#### [WHAT YOU SHOULD DO]
Below are records with pictures. Reproduce exactly the lines from the line with "BLACK BOX ACU5502A-R3" to the line with "Rekonstrukce koupelny-Rekonstrukce koupelny", inclusive, and leave each picture out.

#### [DATA IN THIS EXERCISE]

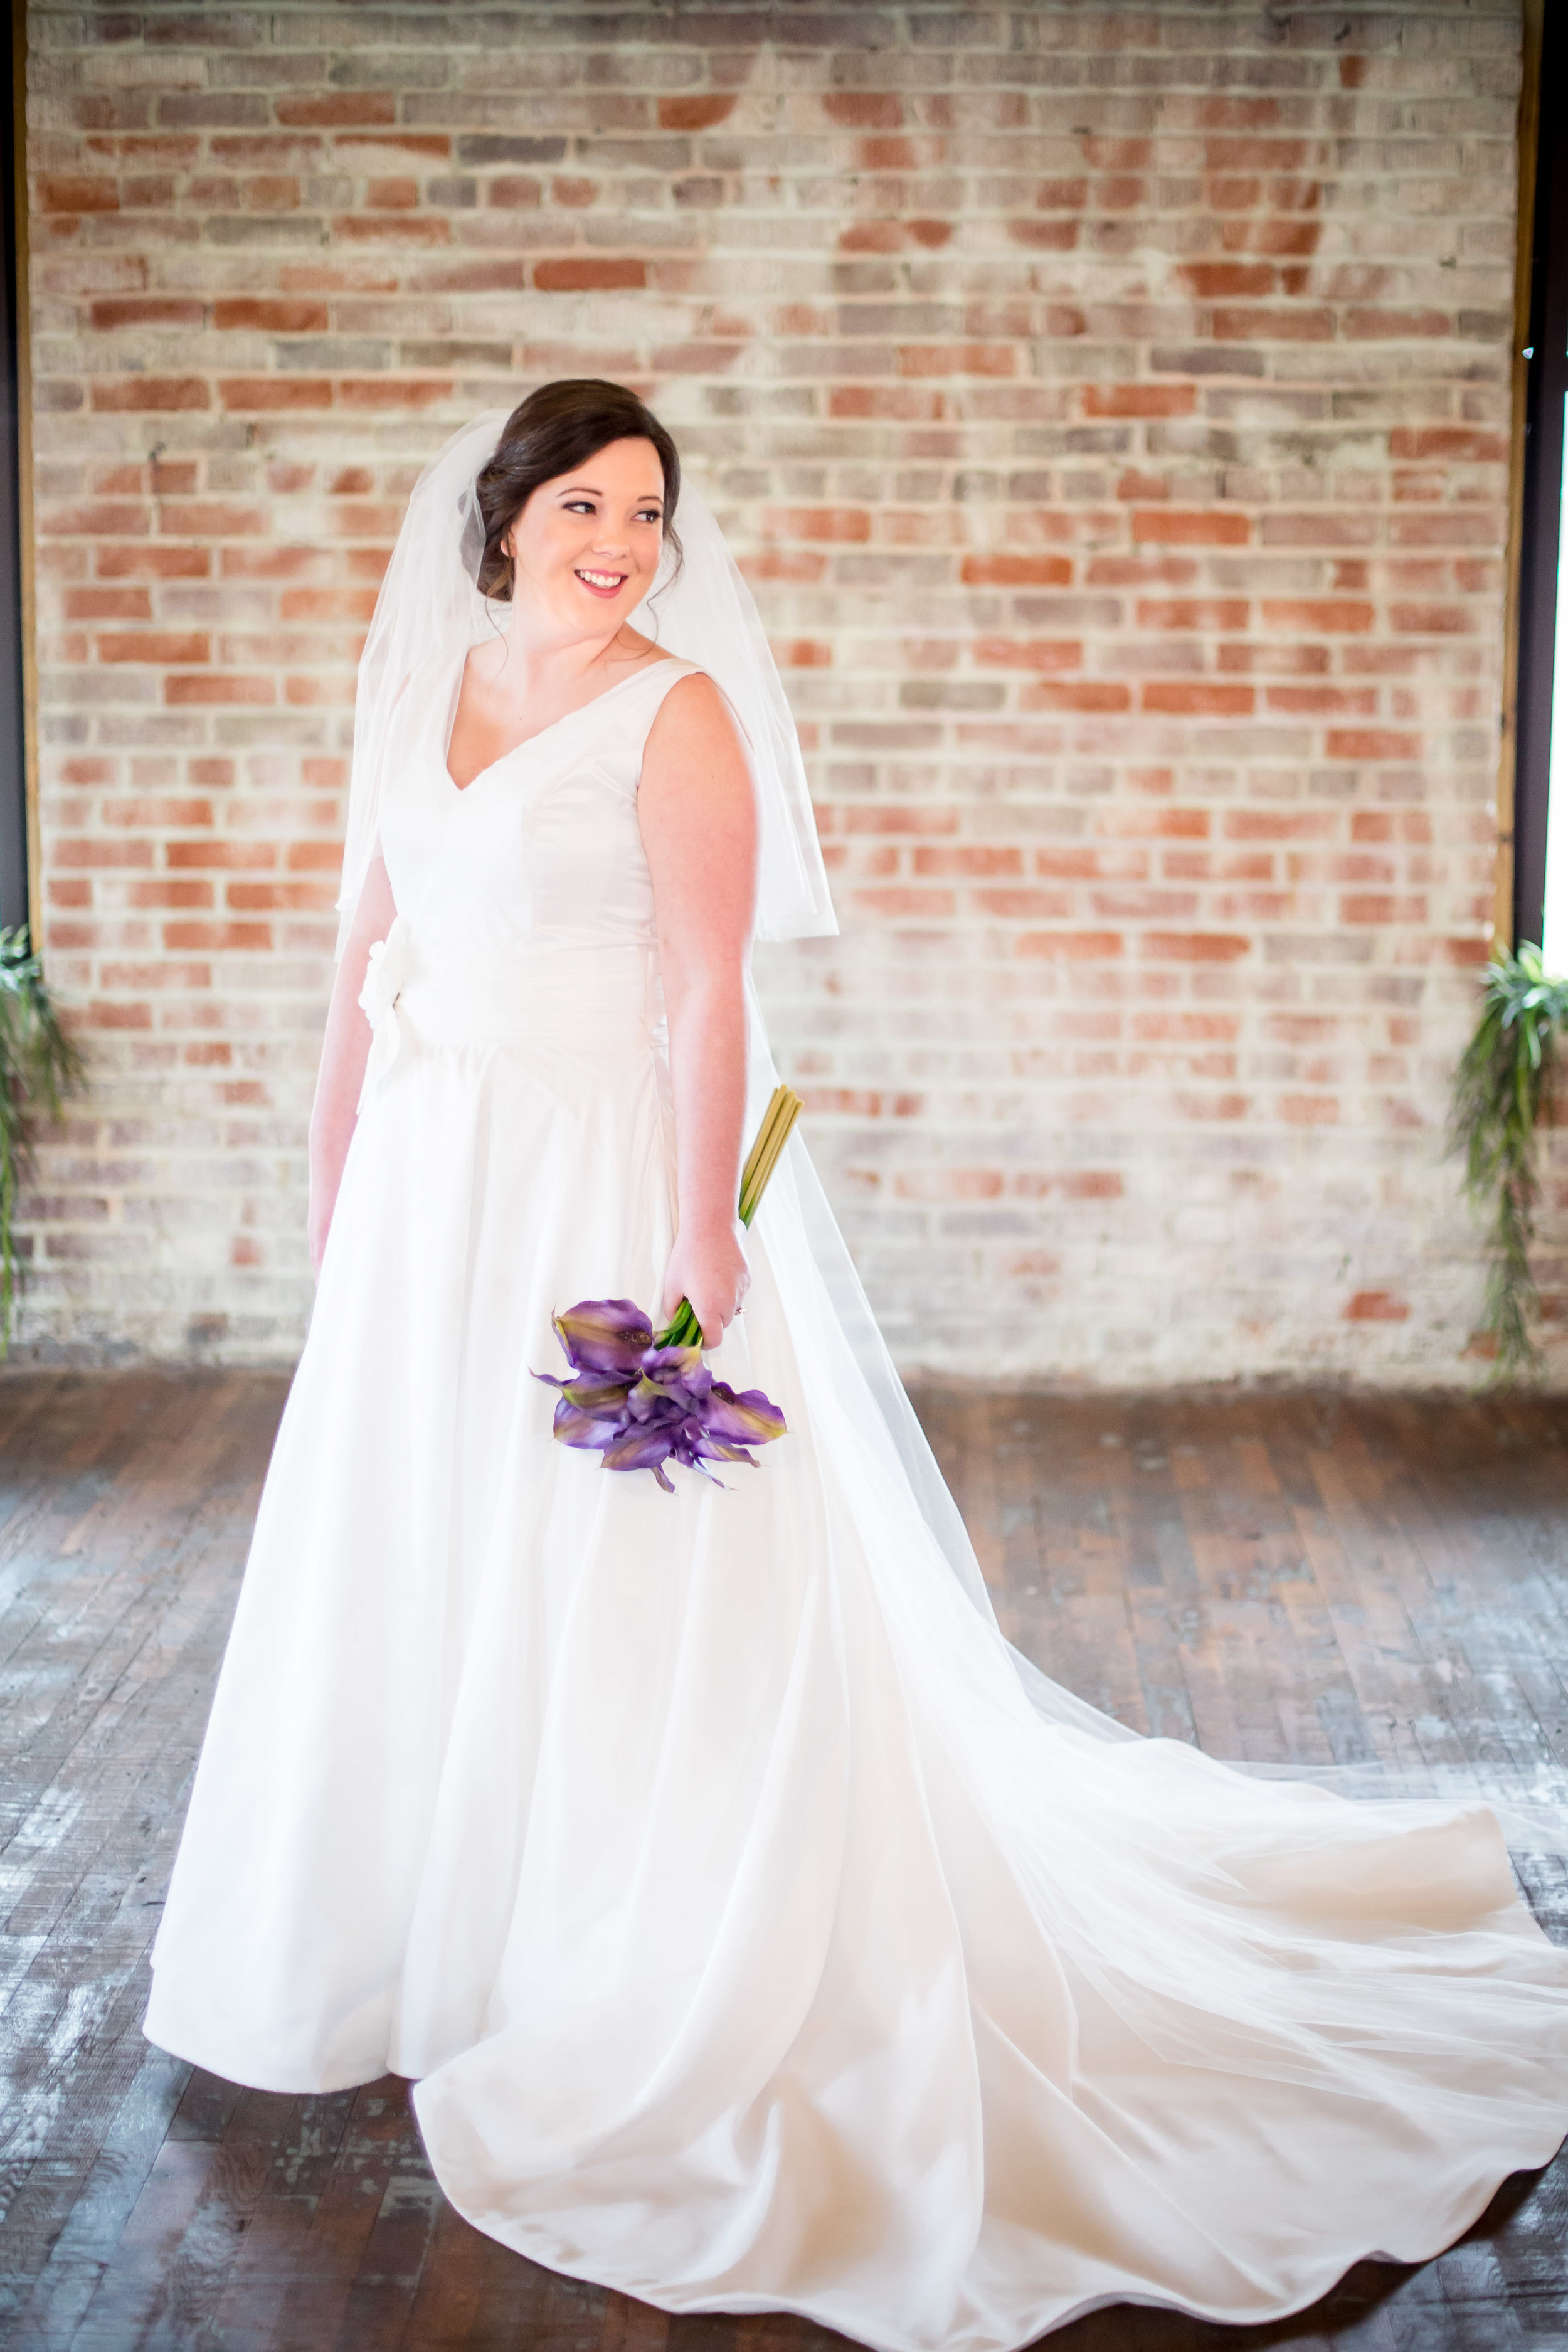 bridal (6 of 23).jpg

...

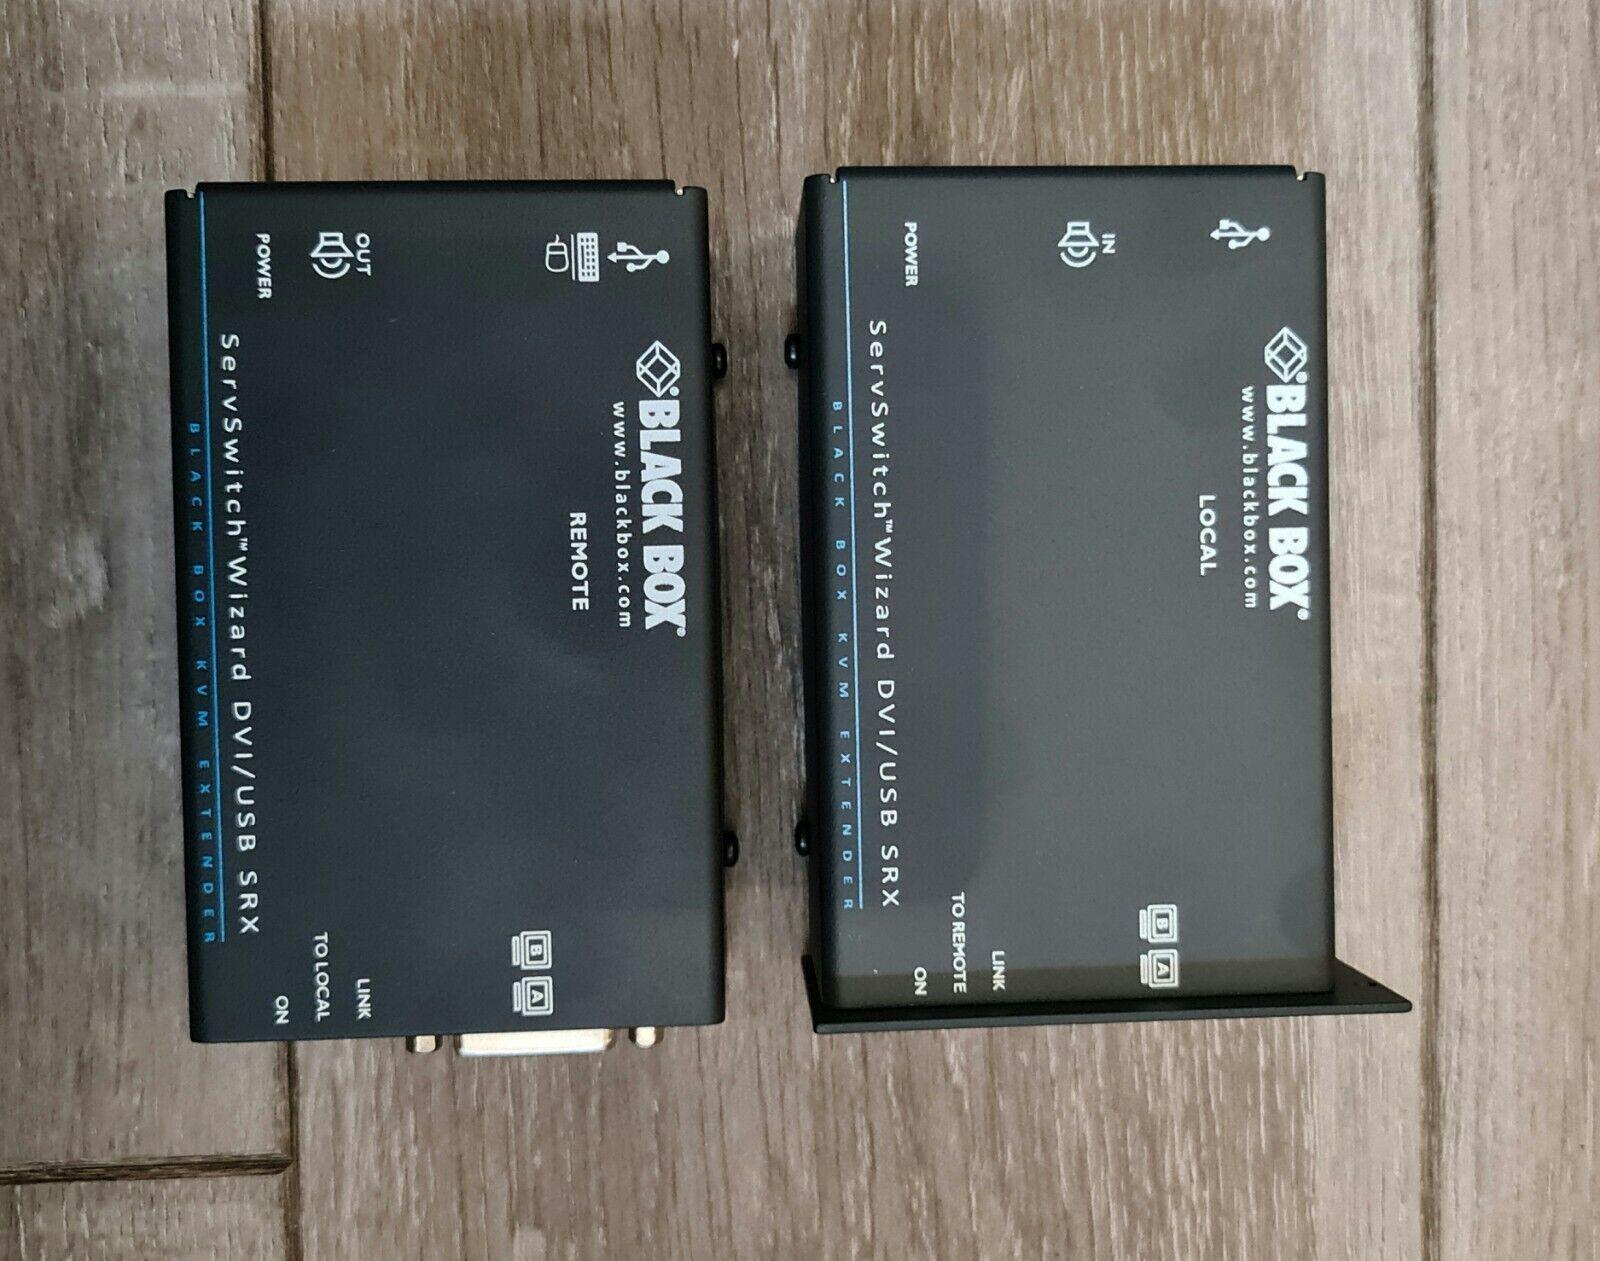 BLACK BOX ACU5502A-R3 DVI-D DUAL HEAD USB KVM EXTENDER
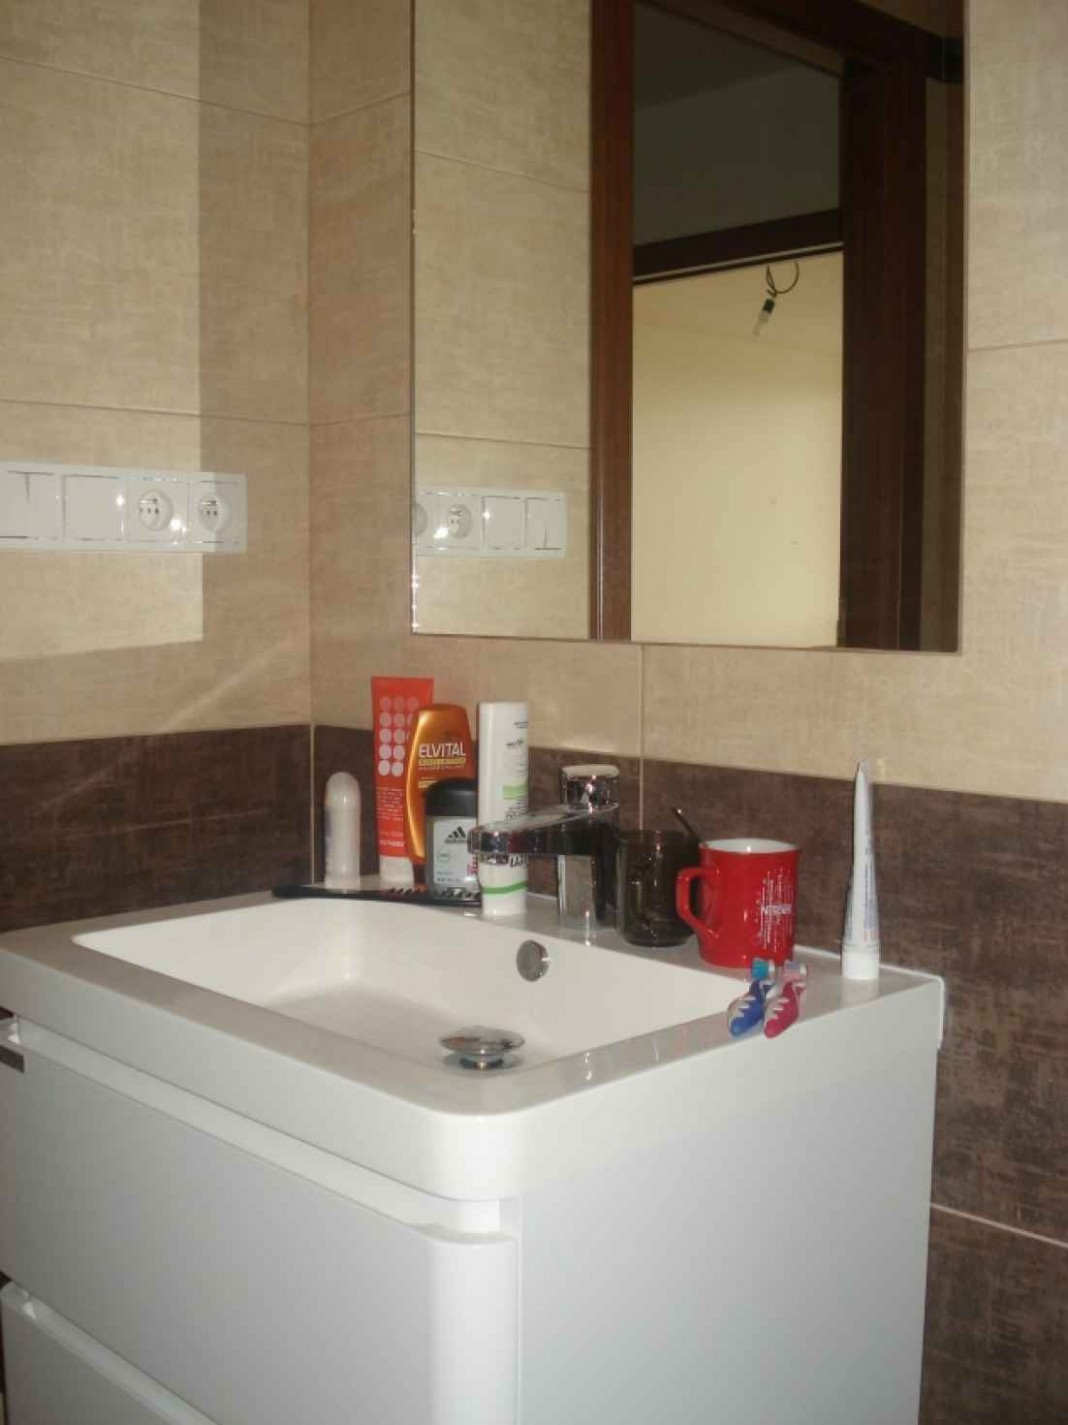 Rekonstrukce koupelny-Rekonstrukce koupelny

#### [EXERCISE RESPONSE]
 BLACK BOX ACU5502A-R3 DVI-D DUAL HEAD USB KVM EXTENDER
 Rekonstrukce koupelny-Rekonstrukce koupelny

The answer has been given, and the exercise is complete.